Failure to Initialize SSL

[TonyK132]

I run a script that restarts HTTPd every 4 hrs. It prevents the GUI from not responding and seems to work well. But lately it's been doing this, it fails to initialize SSL. Is this something I need to fix, and if yes, how do I fix it?

Mar 27 20:00:01 RT-AC86U-1BD0 rc_service: service 24345:notify_rc restart_httpd
Mar 27 20:00:01 RT-AC86U-1BD0 custom_script: Running /jffs/scripts/service-event (args: restart httpd)
Mar 27 20:00:01 RT-AC86U-1BD0 RT-AC86U: start https:8443
Mar 27 20:00:01 RT-AC86U-1BD0 RT-AC86U: start httpd:80
Mar 27 20:00:01 RT-AC86U-1BD0 httpd: Failed to initialize SSL, generating new key/cert...80
Mar 27 20:00:01 RT-AC86U-1BD0 httpd: Save SSL certificate...80
Mar 27 20:00:01 RT-AC86U-1BD0 httpd: Succeed to init SSL certificate...80
Mar 27 20:00:01 RT-AC86U-1BD0 httpd: Succeed to init SSL certificate...8443

 

[dave14305]

If it’s happening often, check your certs exist in /jffs:

ls -l /jffs/.cert

 

[TonyK132]

Here's what mine says:

-rw------- 1 admin root 457 May 4 2018 sshd_dsskey
-rw------- 1 admin root 141 May 4 2018 sshd_ecdsakey
-rw------- 1 admin root 83 May 4 2018 sshd_ed25519key
-rw------- 1 admin root 805 May 4 2018 sshd_hostkey

If this is wrong, how do I update it?

 

[dave14305]

I’m wrong. If your cert is being saved, it will now be in /jffs/cert.tgz. Check the DDNS page to see how your cert settings are.

 

[TonyK132]

I think I had a problem. There was a difference between what was displayed in Admin->System and WAN->DDNS. So I used amtm to have pixelserv update my cert. Now both of those locations are consistent. But I'm struggling with importing the new cert into Win10. When I untar the file using 7ZIP, I only have cert.pem and key.pem files. I expected to also see a .crt file that I could click on and import into Win10. Any idea how I can proceed?

 

[TonyK132]

BTW, here is what's in my /jffs dir. Does this look right?

 

[dave14305]

I think I had a problem. There was a difference between what was displayed in Admin->System and WAN->DDNS. So I used amtm to have pixelserv update my cert. Now both of those locations are consistent. But I'm struggling with importing the new cert into Win10. When I untar the file using 7ZIP, I only have cert.pem and key.pem files. I expected to also see a .crt file that I could click on and import into Win10. Any idea how I can proceed?

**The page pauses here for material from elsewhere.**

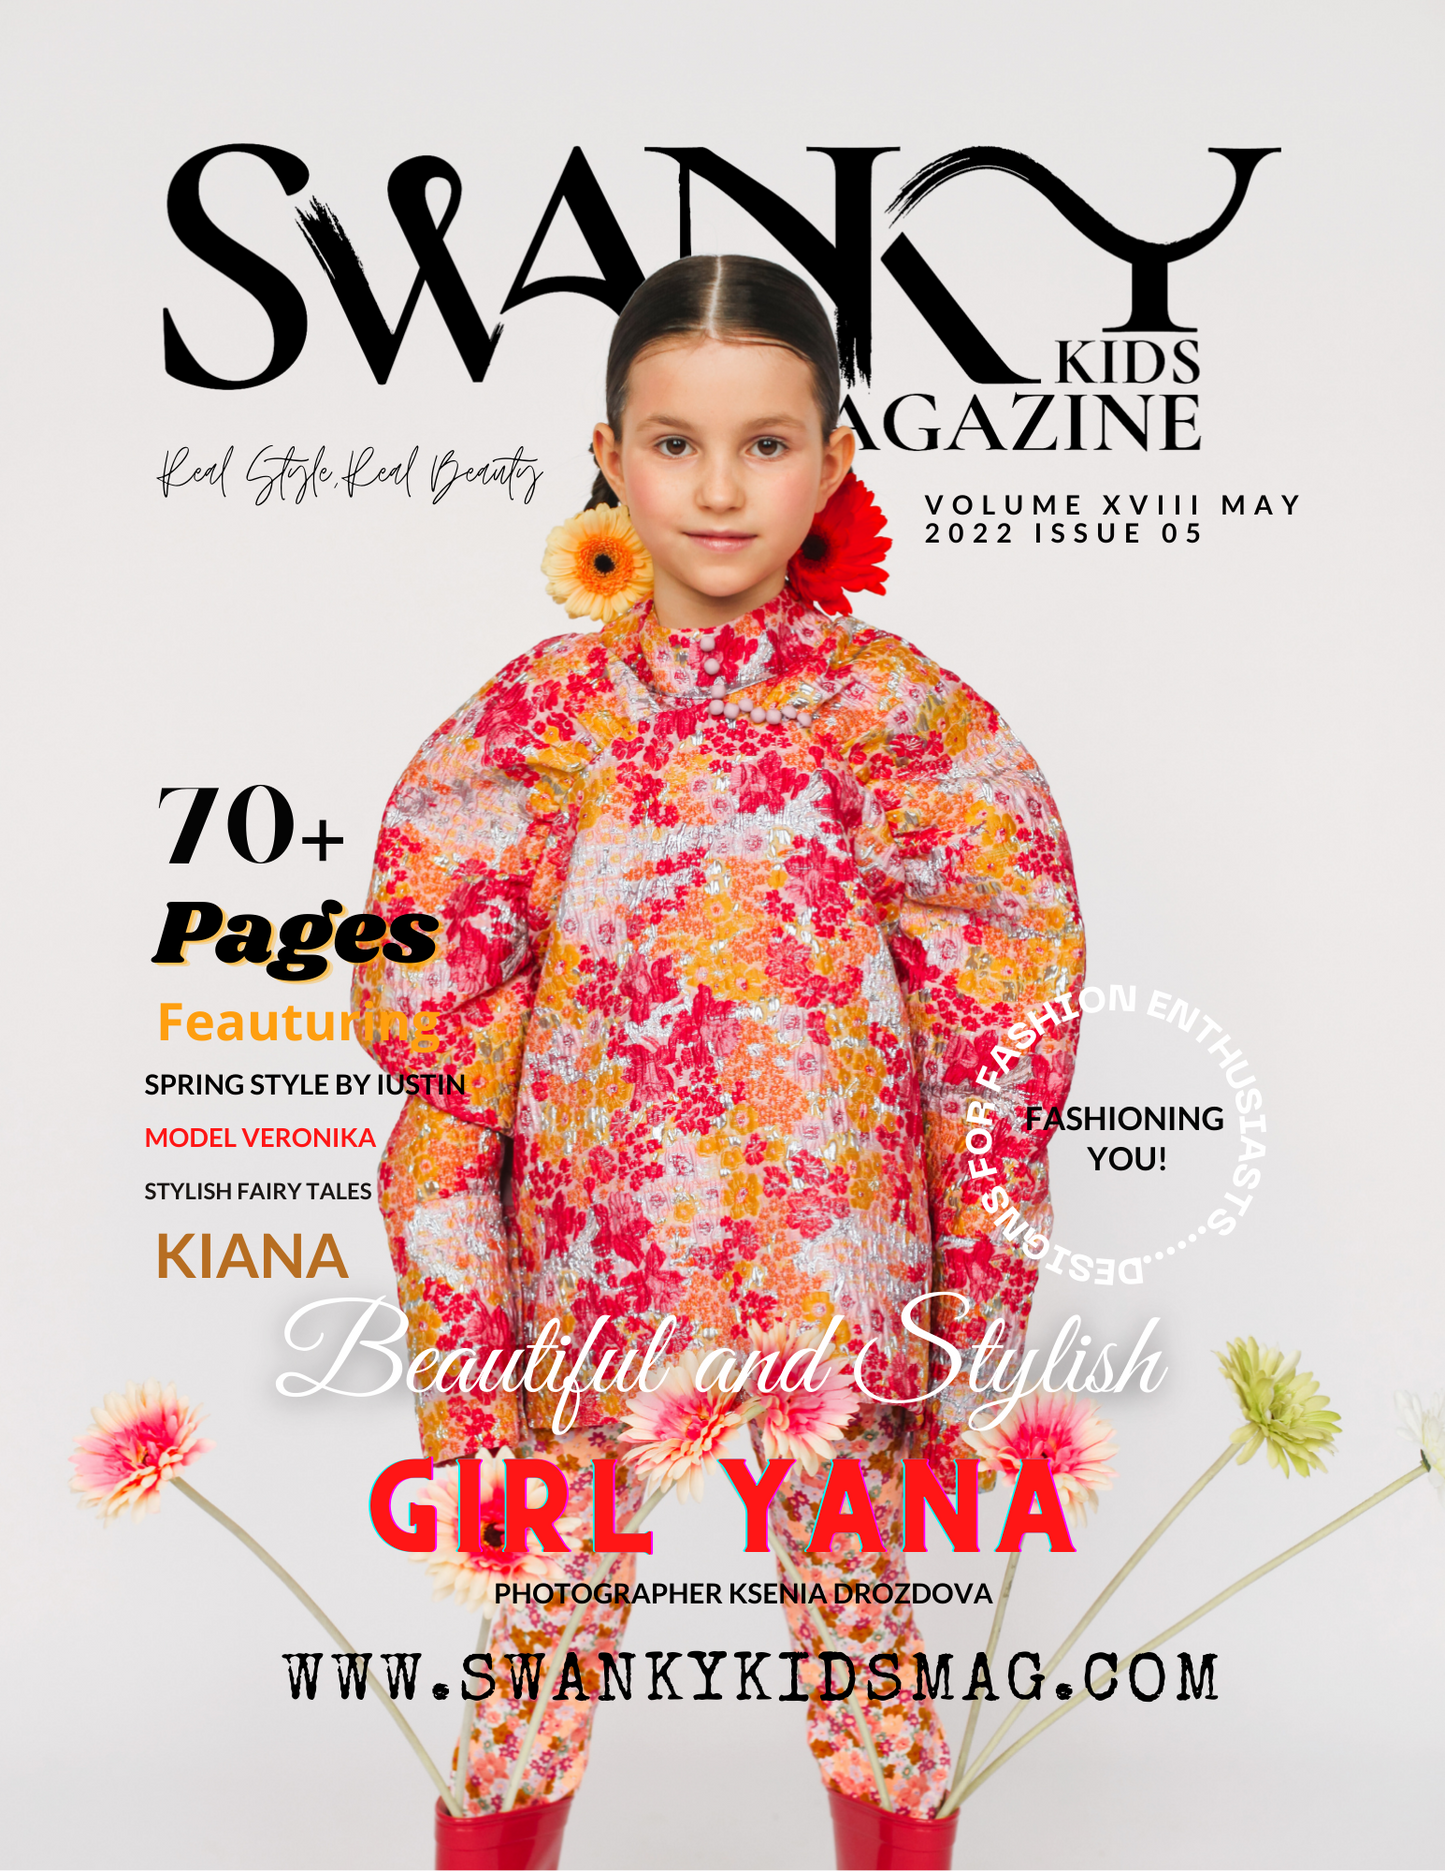 Swanky Kids Magazine MAY 2022 VOL XVIII Issue 5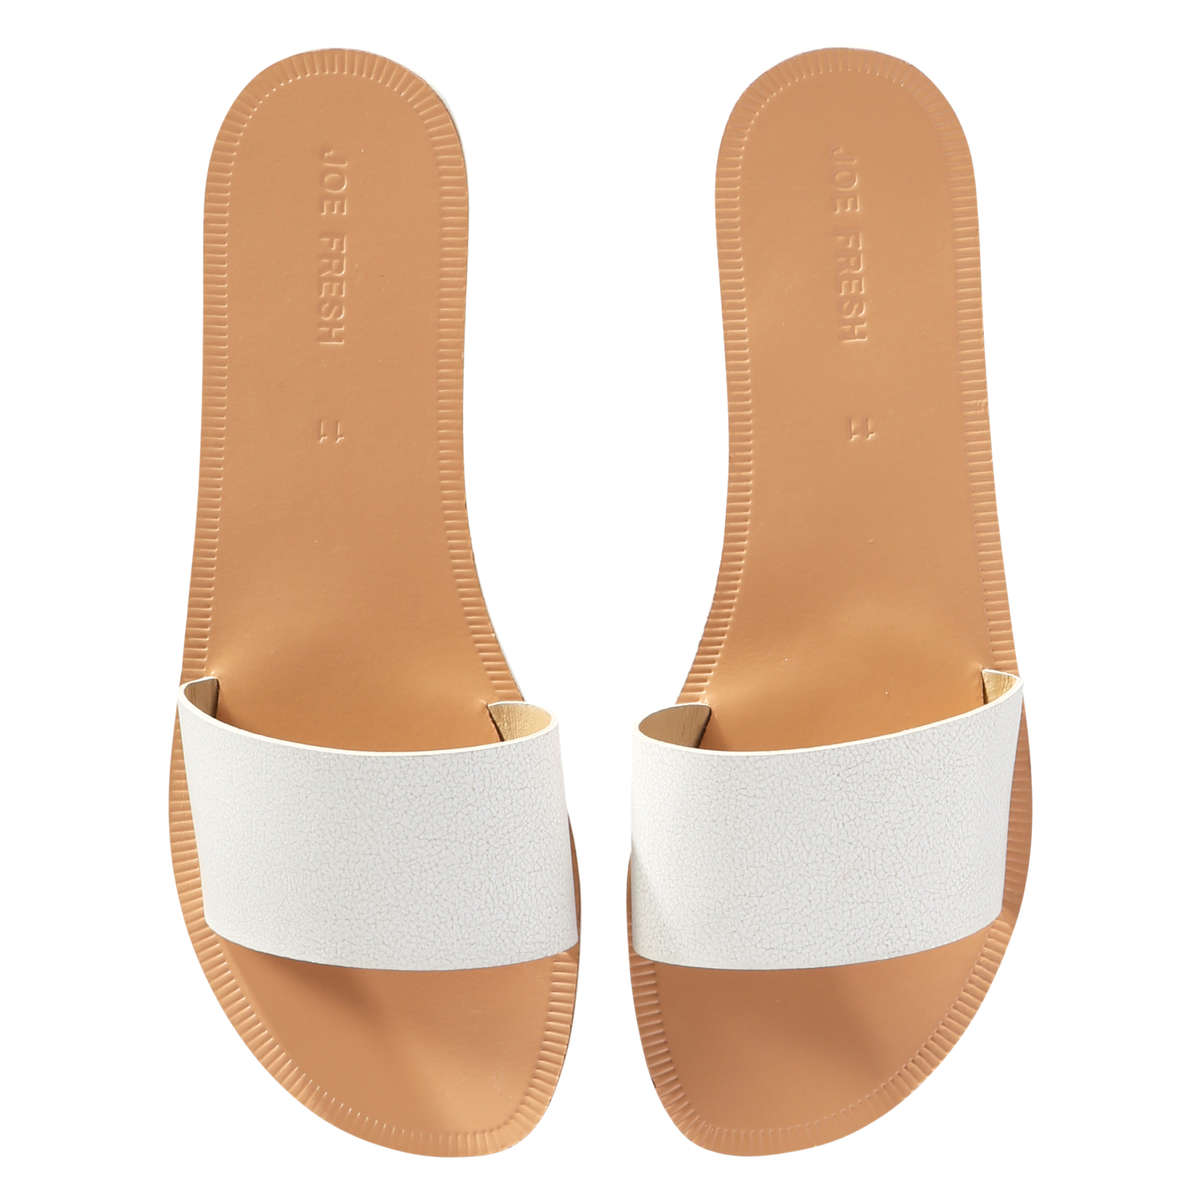 one strap slip on sandals

The Pixelserv cert should be gotten via http://pixelservip/ca.crt or in the Pixelserv cache directory.

 

[TonyK132]

I got the Pixelserve cert but it is issued to router.asus.com, not to the IP address of the router, which in my case is 192.168.2.1. How do I correlate those 2? I'm currently using Unbound as my DNS and it has no knowledge of router.asus.com.

 

[ColinTaylor]

I use the cert.pem file.

 

[TonyK132]

I got the Pixelserve cert but it is issued to router.asus.com, not to the IP address of the router, which in my case is 192.168.2.1. How do I correlate those 2? I'm currently using Unbound as my DNS and it has no knowledge of router.asus.com.

I think I figured it out. I added this line:
local-data: "router.asus.com IN A 192.168.2.1"

to the file
/opt/var/lib/unbound/unbound_ext.conf

Seems to work, but I'm not sure how sticky that will be when I do a reboot. Let me know if this is correct or if I need to change.